When a user types a topic and clicks "Generate," Presenton turns that plain-text prompt into a fully populated, visually designed slide deck. This page traces every step of that journey — from the first HTTP request to the final file written to disk — as it actually runs inside the FastAPI backend.

Understanding this pipeline matters if you want to extend Presenton (adding a new layout, swapping the LLM provider, tuning asset fetching), debug a broken generation, or just reason about where latency comes from.

---

## Overview: The Three Main Phases

The pipeline has three conceptually distinct phases that run in sequence:

```text
┌─────────────────────────────────────────────────────────────────────┐
│ Phase 1 – PLANNING                                                  │
│   Outline generation  →  TOC injection  →  Layout selection         │
├─────────────────────────────────────────────────────────────────────┤
│ Phase 2 – CONTENT                                                   │
│   Per-slide content calls (batched, concurrent)                     │
├─────────────────────────────────────────────────────────────────────┤
│ Phase 3 – ASSEMBLY                                                  │
│   Asset fetching (images + icons)  →  DB persist  →  Export         │
└─────────────────────────────────────────────────────────────────────┘
```

There are two entry points, both calling the same shared handler:

| Endpoint | Mode | Returns |
|---|---|---|
| `POST /presentation/generate` | Synchronous | `PresentationPathAndEditPath` immediately |
| `POST /presentation/generate/async` | Background task | Task record with a polling `id` |

Both resolve to `generate_presentation_handler()` in `presentation.py`.

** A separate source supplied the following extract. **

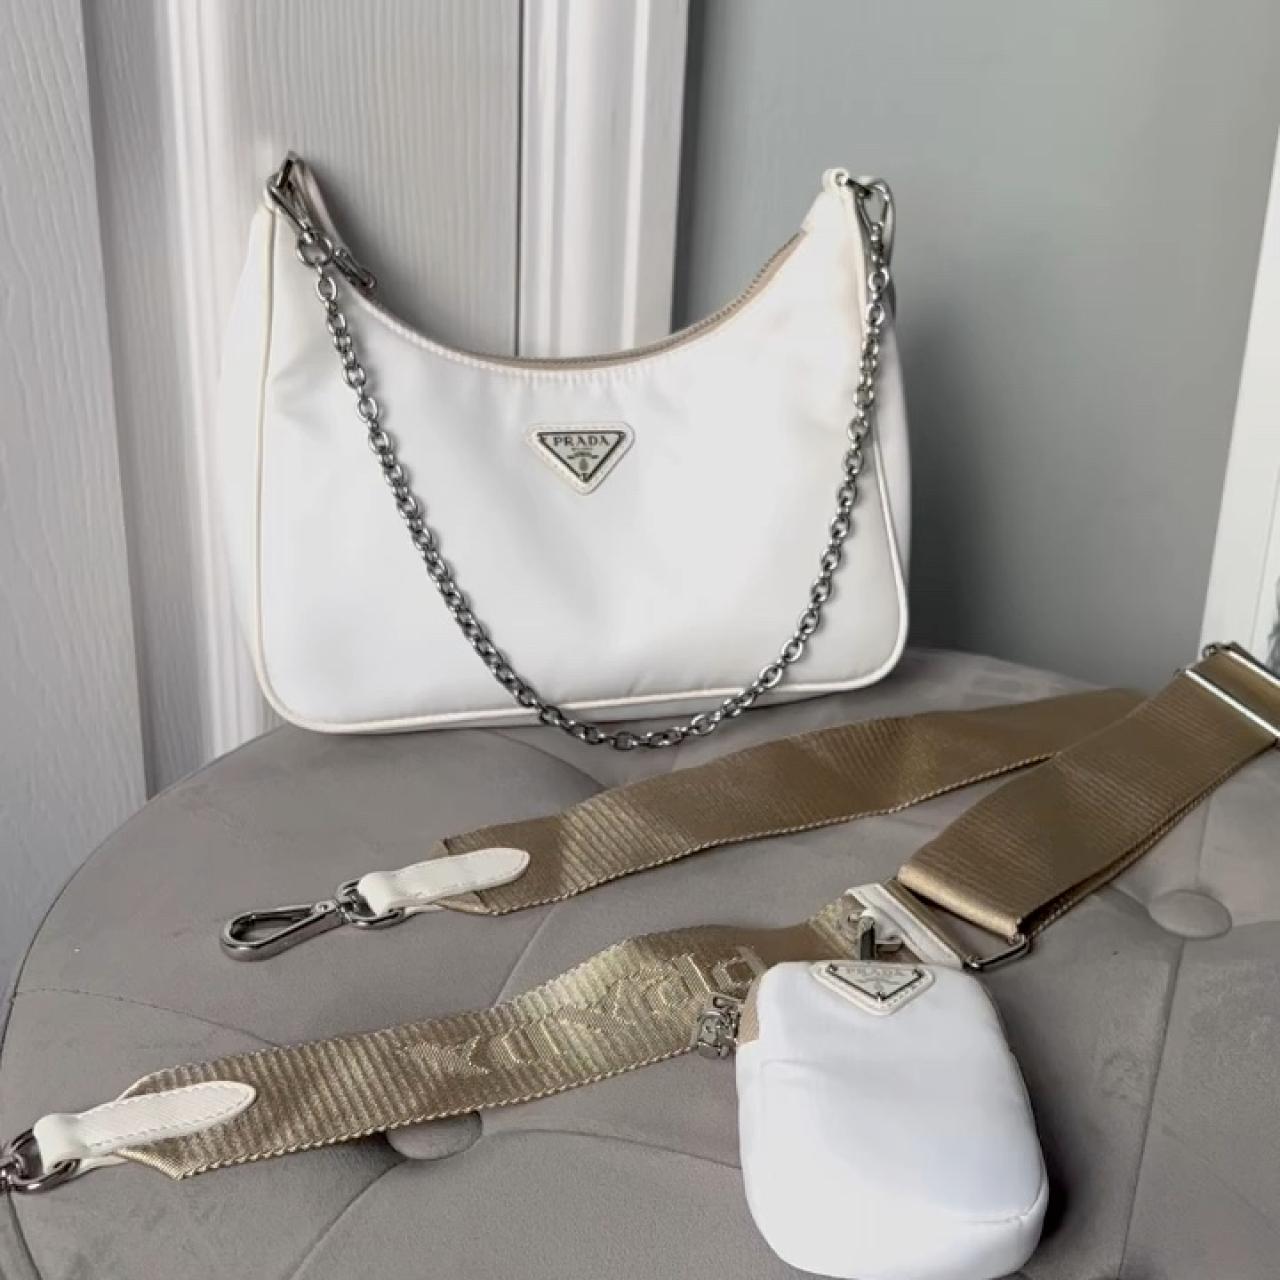 Prada white bag, comes with strap and mini bag - Depop

Sources: [servers/fastapi/api/v1/ppt/endpoints/presentation.py:1018-1075]()

---

## Phase 1: Planning — Outlines, TOC, and Layout

### Step 1.1 — Validation and Setup

Before any LLM call, `check_if_api_request_is_valid()` enforces business rules:

- `content`, `slides_markdown`, or `files` must be present.
- `n_slides` must be between 1 and `MAX_NUMBER_OF_SLIDES`.
- If table-of-contents is requested, at least 3 slides are required.
- The `template` must be a known built-in name or a `custom-<uuid>` pointing to a real DB record.

Sources: [servers/fastapi/api/v1/ppt/endpoints/presentation.py:570-625]()

### Step 1.2 — Document Loading (optional)

When the request includes uploaded `files`, a `DocumentsLoader` extracts their text and concatenates it into `additional_context`. This context is passed verbatim to the outline prompt, letting the LLM draw from an uploaded PDF or DOCX without the user needing to paste the text manually.

Sources: [servers/fastapi/api/v1/ppt/endpoints/presentation.py:652-661]()

### Step 1.3 — Outline Generation via Streaming LLM Call

The outline step asks the LLM to produce a structured list of slide summaries — one per slide — using `generate_ppt_outline()`.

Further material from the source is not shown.